Tuesday, February 12, 2008

Charity and Emo, a Match Made in Heaven?

So I find myself doing a lot of volunteer/charity work lately. Next thing on deck? Donate my time and art to a fundraiser for the Arts in Kansas City. It's something I feel very passionate about, but for the moment I'm... I don't know how to explain it... I don't want to make another "pretty" picture, I want the work to have substance. I always told my friends that the greatest art was art that had narrative. So as long as a piece of art spoke to you in some way, shape, or form, that dialog is just as valid form of a appreciate of art as any. And you can tell any houtie-toutie Art History Major that says otherwise to fuck off.

But for the moment I am not concerned with the viewer, but more with myself. I want this to have some greater substance for me. To tell a story, rather then just have one interpreted when sometimes there was no story to be told.
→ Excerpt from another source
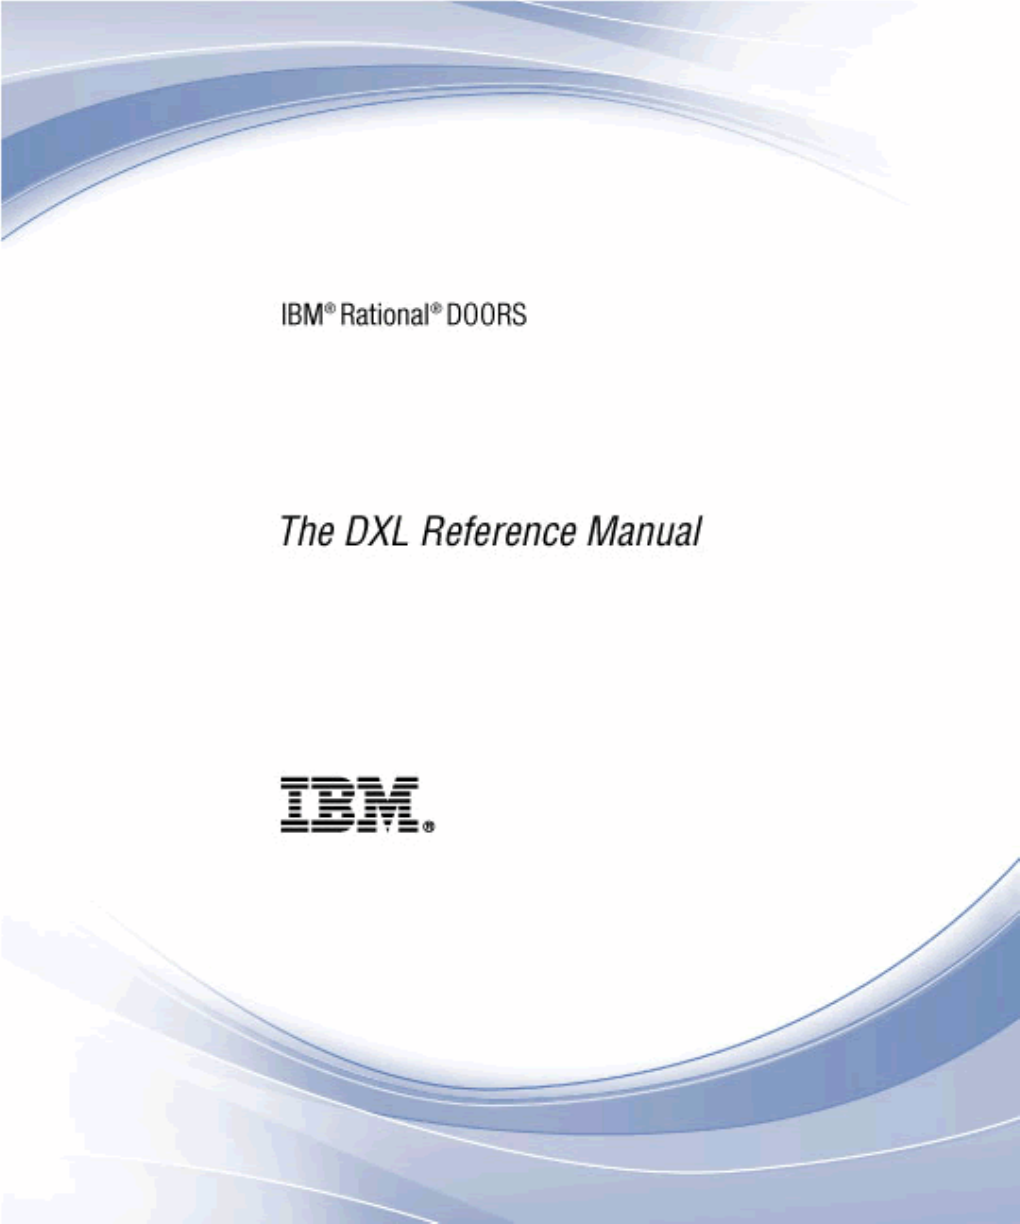 IBM Rational DOORS DXL Reference Manual Release 9.5 Before Using This Information, Be Sure to Read the General Information Under the "Notices" Chapter on Page 915

Outside of my sequential work (read: comics), I've never really had this thought process before when it came to my personal work. And for better or for worse, I can say that I haven't been happy in my life as of late... not upset or sad either. So I guess that leaves me in some strange middle limbo. But that leaves some indulgent emo boogie behind... And I don't know how much I'm a fan of that. But when it comes to the task to producing work... might be useful... probably not.

Anyway, this is me, venting, sharing, probably at a time when I should be drawing or painting. I don't know.

Anyway, if you're in KC, I'll post when the art appreciation goes down, and you can tell me if I'm a art communicating failure. (nice huh?)